Твен Марк
Жив он или умер?
В марте 1882 года я жил на Ривьере, в Ментоне. Всеми благами, которыми в Монте-Карло или в Ницце вы пользуетесь на людях, здесь, в этом уединенном уголке, можно наслаждаться в одиночестве. То есть я хочу сказать, что яркое солнце, животворный воздух и кристально чистое голубое море здесь не омрачены людской суетой, шумом и сутолокой. Ментона — тихий, спокойный, скромный городок без всяких претензий на роскошь. Богатая и знатная публика сюда, как правило, не заглядывает. Впрочем, время от времени здесь появляется какой-нибудь богач, и недавно я познакомился с одним из них. Чтобы не раскрывать его инкогнито, я буду называть его Смитом.
Однажды, когда мы сидели за завтраком в Английском отеле, Смит воскликнул:
— Скорее посмотрите на того человека, который выходит из дверей. Постарайтесь запомнить его внешность!
— Зачем?
— Вы знаете, кто это такой?
— Да. Он поселился здесь за несколько дней до вашего приезда. Говорят, это старый, удалившийся от дел богатый шелкопромышленник из Лиона. Он, очевидно, один в целом свете. У него всегда такой грустный, мечтательный вид, и он ни с кем не разговаривает. Зовут его Теофиль Маньян.

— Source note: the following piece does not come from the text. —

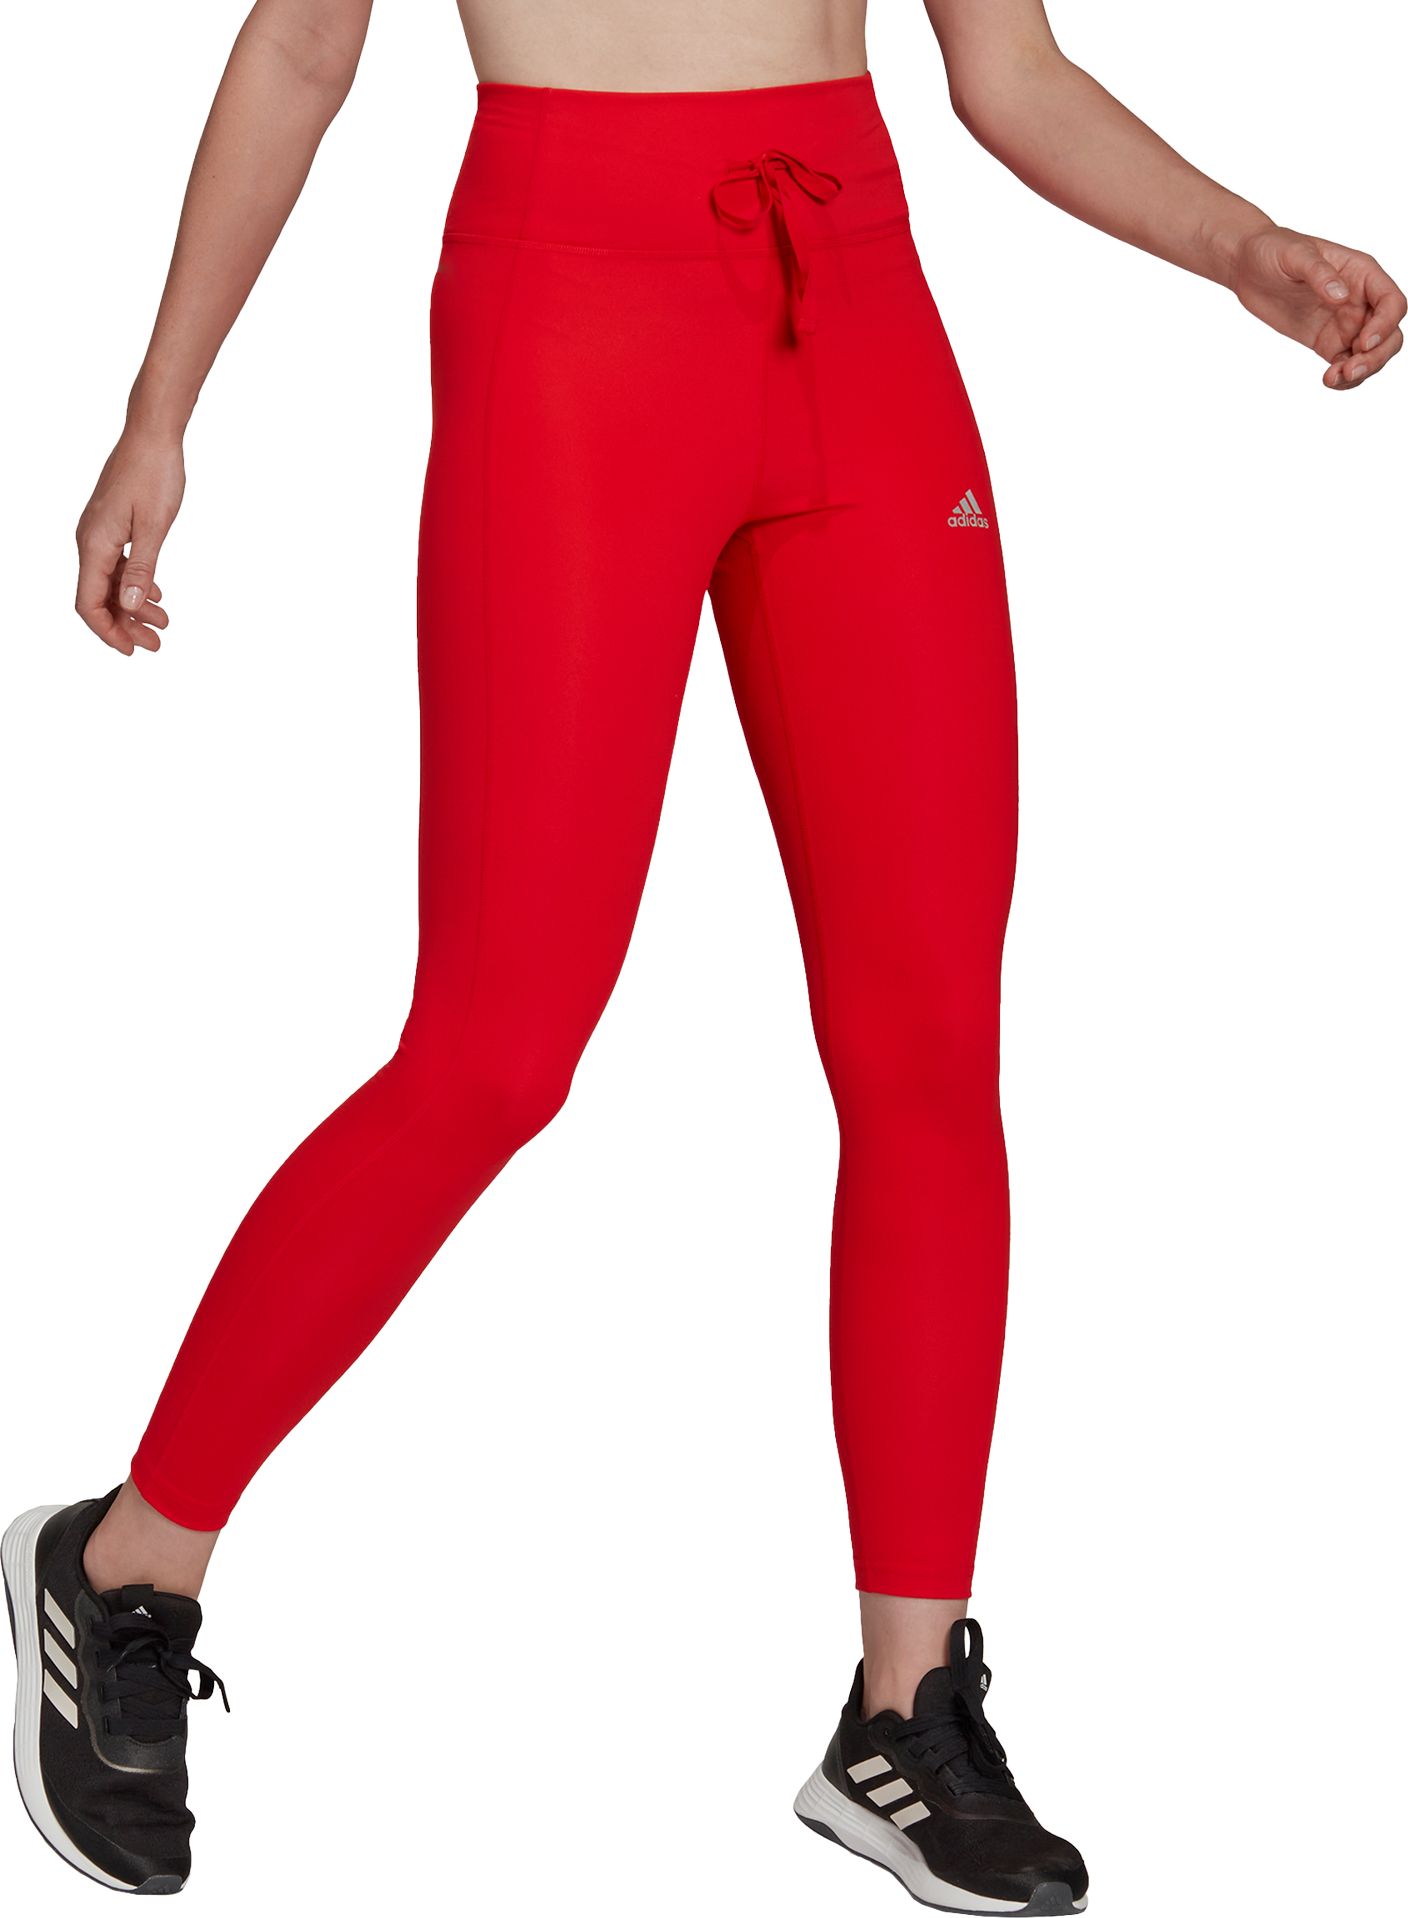 Women's Running Essentials 7/8 Tights Vivid Red/White, Buy Women's Running  Essentials 7/8 Tights Vivid Red/White here
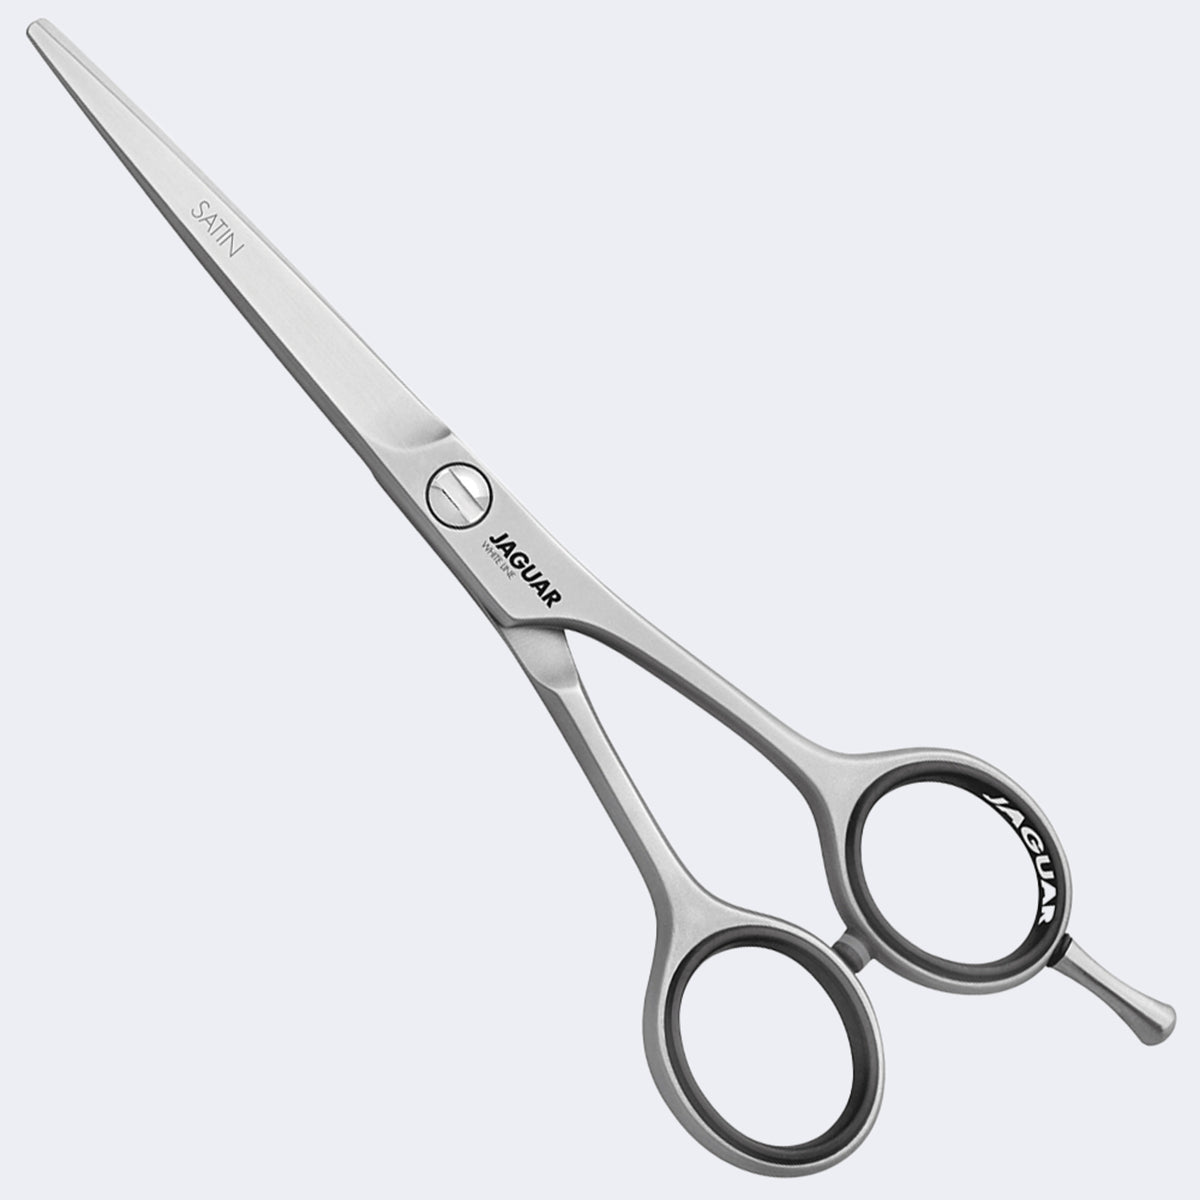 6-1/2" scissors with satin finish

Я думал, что Смит растолкует мне, чем вызван его интерес к мосье Маньяну, однако вместо этого он погрузился в глубокое раздумье и, казалось, на некоторое время забыл не только обо мне, но вообще обо всем на свете. Он то и дело ерошил свои шелковистые седые волосы, а завтрак его тем временем остывал на столе. Наконец он сказал:
— Нет. Никак не могу вспомнить.
— Что именно?
— У Андерсена есть прелестная сказка[1], но я ее забыл. В ней говорится про одного мальчика, у которого была птичка. Он ее очень любил, но постоянно о ней забывал. Одинокая, заброшенная птичка целыми днями пела песенки, сидя в своей клетке. Однако время шло, и вскоре бедняжка начала страдать от голода и жажды. Песенка становилась все печальнее, все тише и мало-помалу совсем замерла. Птичка скончалась. Приходит мальчик. Потрясенный до глубины души, обливаясь горькими слезами, он собирает своих товарищей. Объятые глубокой скорбью, они торжественно хоронят бедную птичку, в простоте своей не ведая о том, что не только дети доводят поэтов до голодной смерти, а потом тратят на их похороны и памятники такие деньги, каких тем же поэтам хватило бы на безбедную и привольную жизнь. И вот…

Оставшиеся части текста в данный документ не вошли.